Guitars and cars ideal mix for Connect NZ's Rosnell
- 15 June, 2010 22:00
If there was ever a New Zealand version of the CSI television series, Connect NZ CEO Karl Rosnell could be a candidate for the starring role.
With a passion for biology, he studied forensic science for three years at Auckland University, but when his mounting student loan became daunting it was a technology role that came to the rescue.
Joining Connect NZ in 1997 as a cadet, he has stayed with the company since, turning his back on the idea of scientific detective work.
“I was planning on coming [to Connect NZ] for a couple of years, making some money and getting back into the study. Once you get in here and start making money in sales it is hard to go back to living on $100 a week as a student.”
If he had continued with forensics study, he says he would have ended up working at ESR locally or in the same field overseas. “New Zealand is not a place with a lot of unsolved murders, so there is an oversupply of people doing [forensics] right now.”

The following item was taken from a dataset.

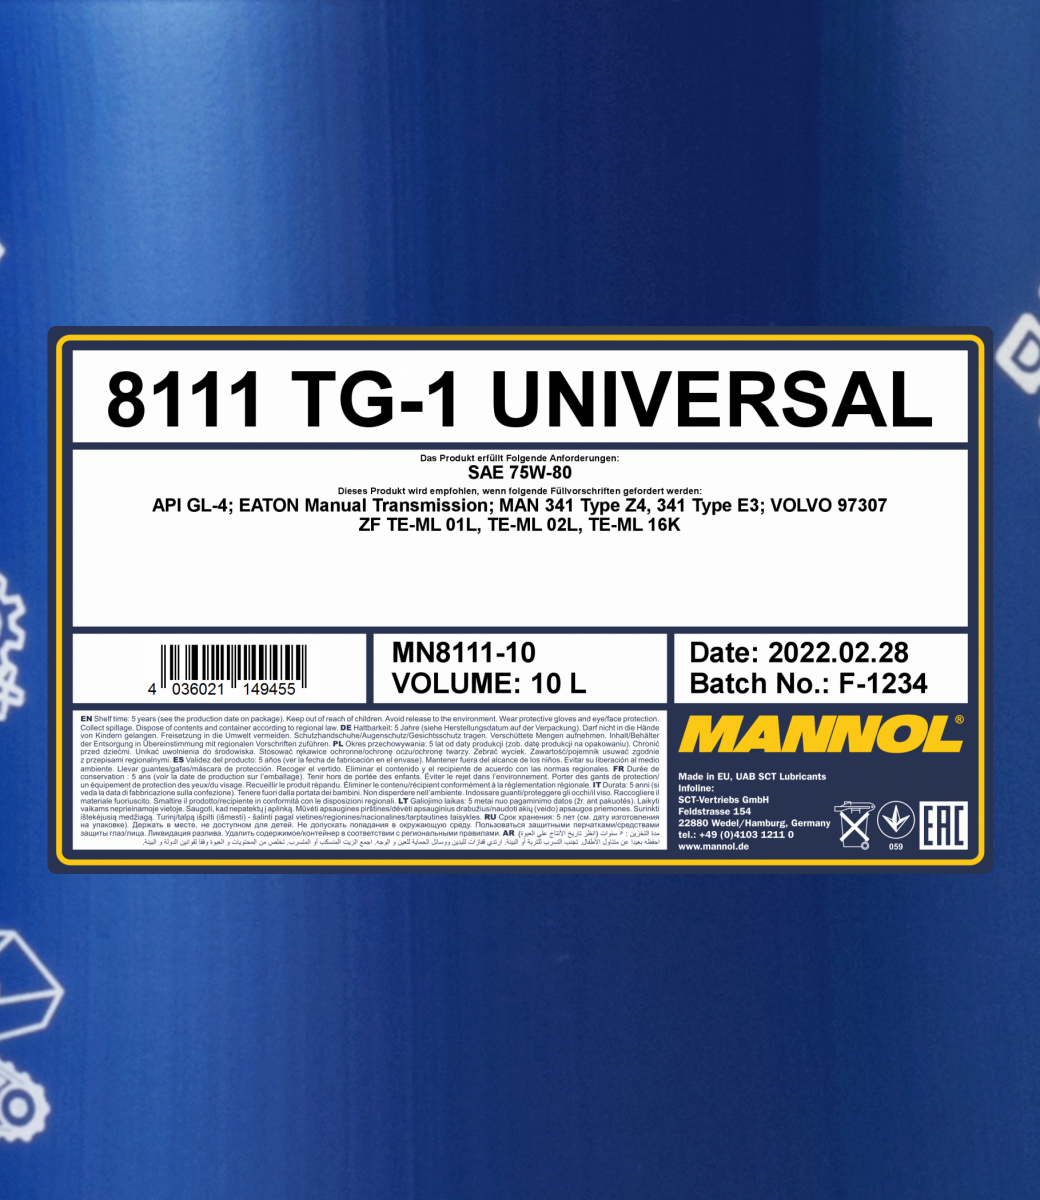 Mannol - 8111 TG-1 Universal 75W-80 Manual Transmission Fluid

Former CEO Brent Page was Rosnell’s first boss at Connect NZ, and he credits Page with teaching him the art of selling before he progressed to more senior roles with the firm.
One of these senior roles was general manager of the Hamilton office, which Rosnell left Auckland to do. Although it was a challenge, the job taught him a variety of new skills.
“Once you get out from under the wings of your mentor and start to stand on your own feet, you realise some of the things that you didn’t know around operational and people management. That was the best rounding out of my skill set, because I learnt about engineering and human resources. When the buck stops with you, you learn to come up with your way of doing things.”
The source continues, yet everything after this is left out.